One exact copy of the listing is needed. It should contain no pictures.

## [Input data]
%%

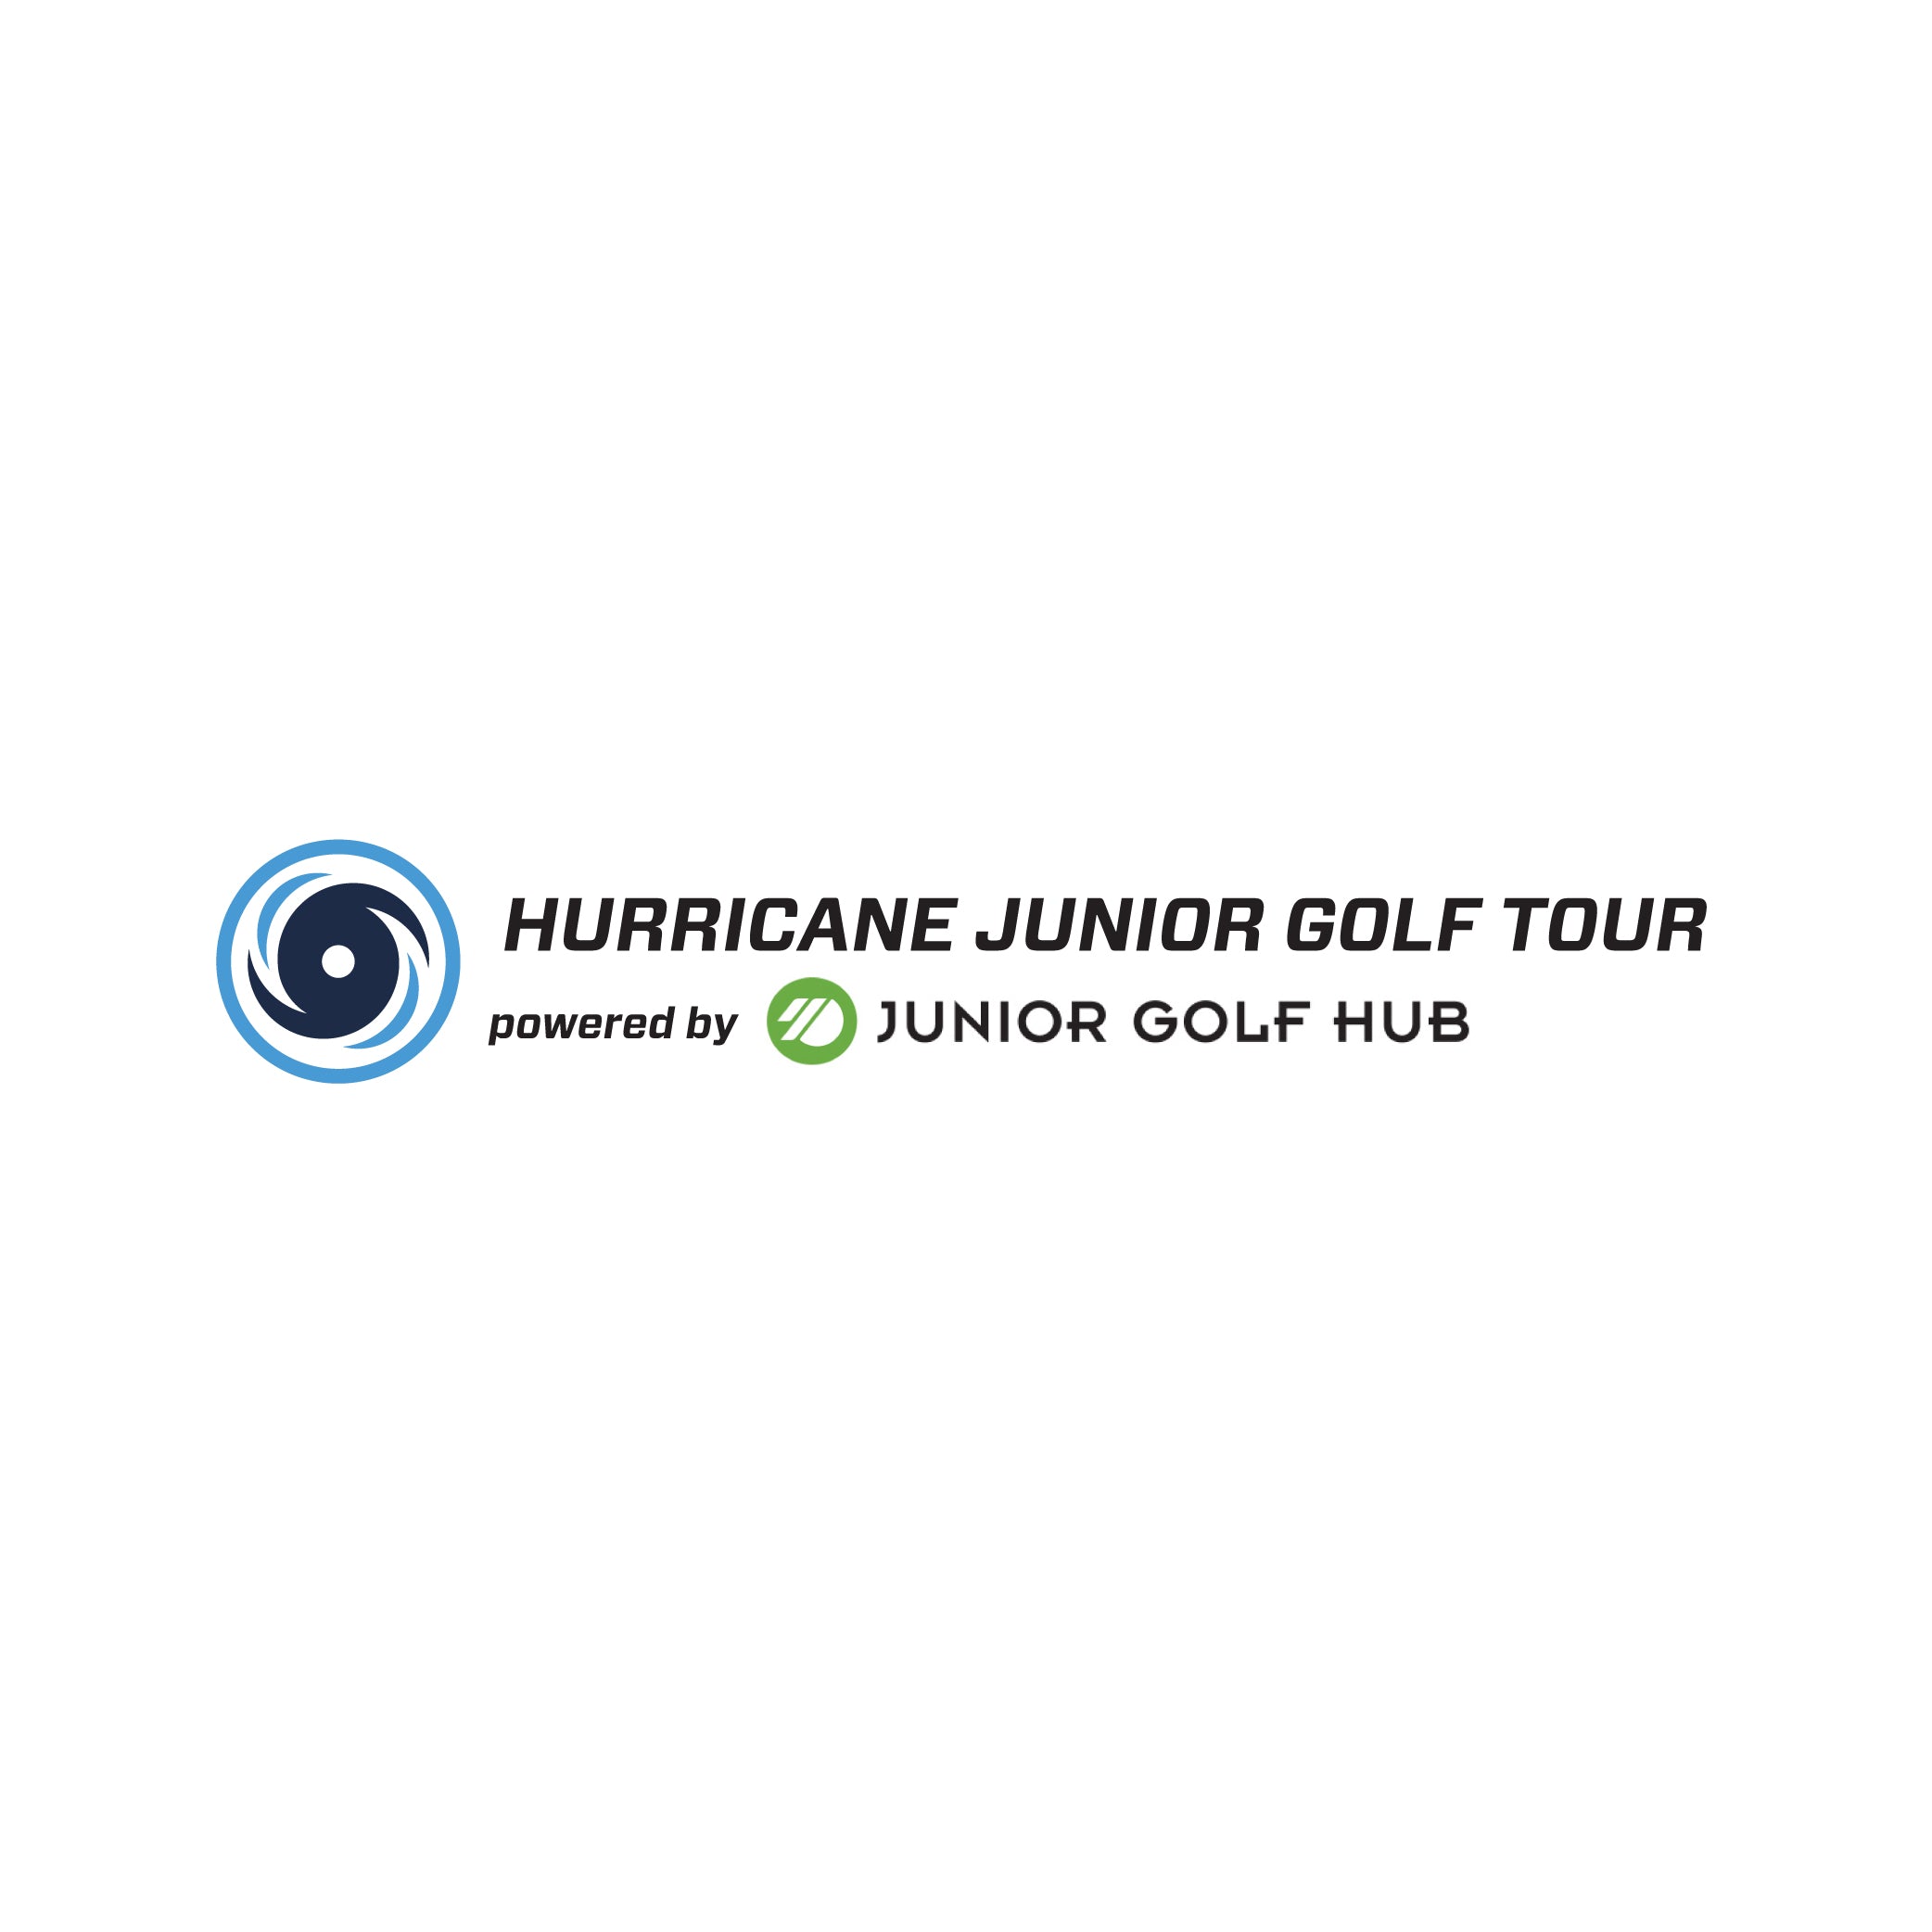 Hurricane Junior Golf Tour Partners with Bag Boy
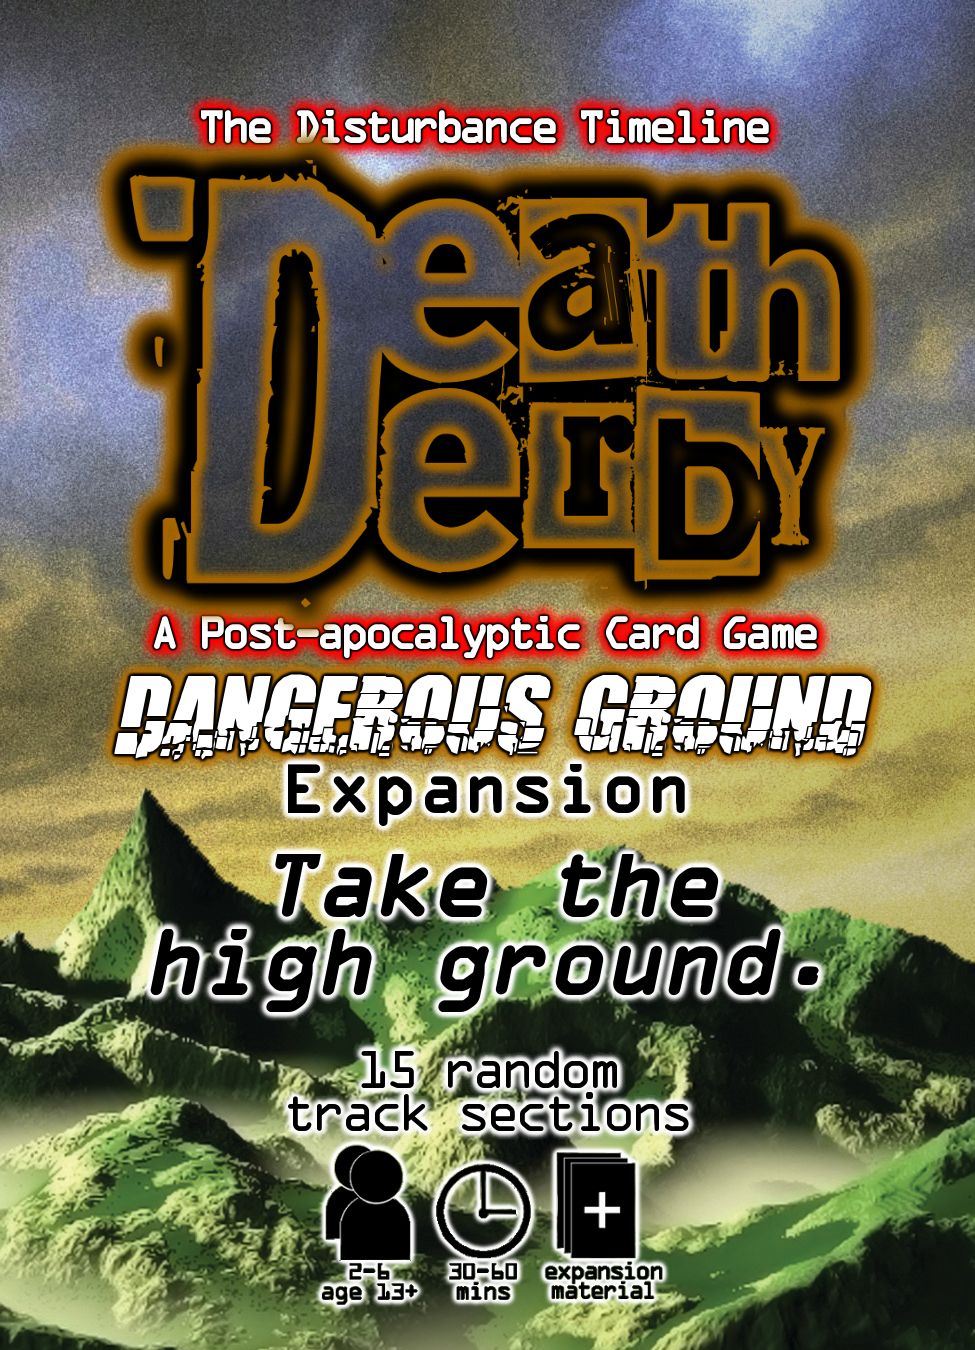 Death Derby: Dangerous Ground Expansion
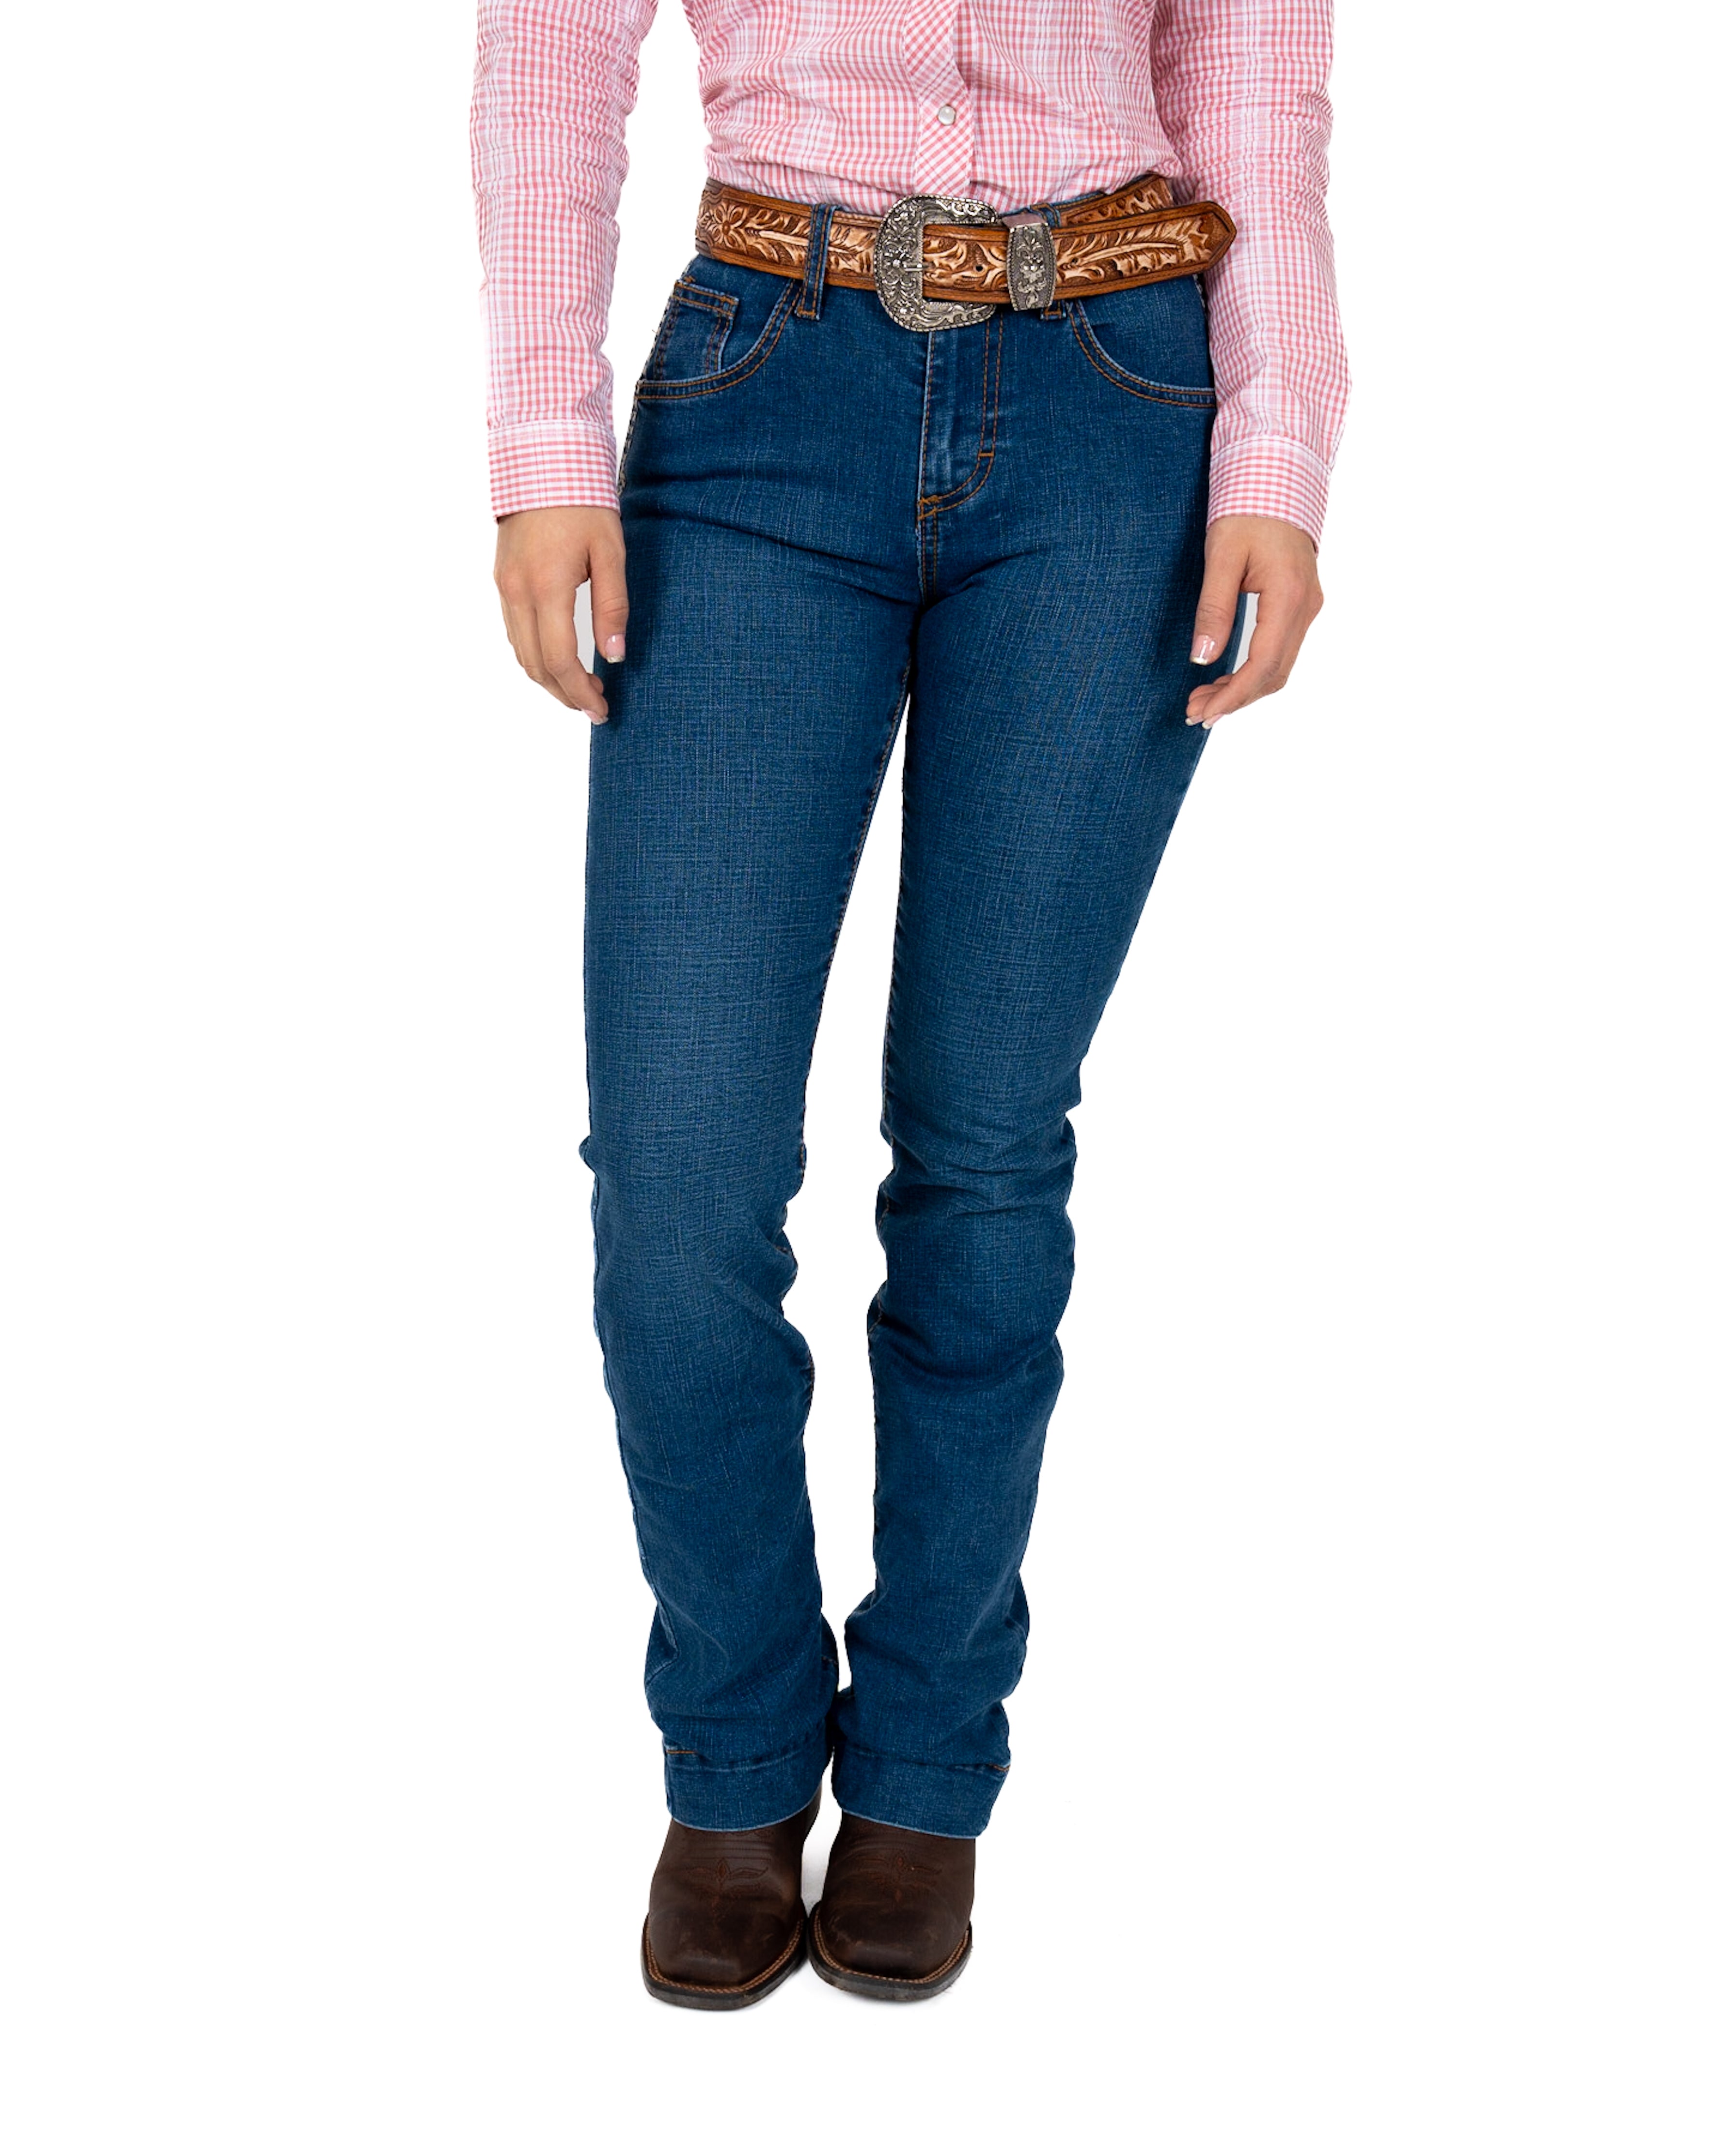 Jeans Wrangler High Rise Cintura Alta Corte Bota Dama

%%

## [Task output]
 Hurricane Junior Golf Tour Partners with Bag Boy
 Death Derby: Dangerous Ground Expansion
 Jeans Wrangler High Rise Cintura Alta Corte Bota Dama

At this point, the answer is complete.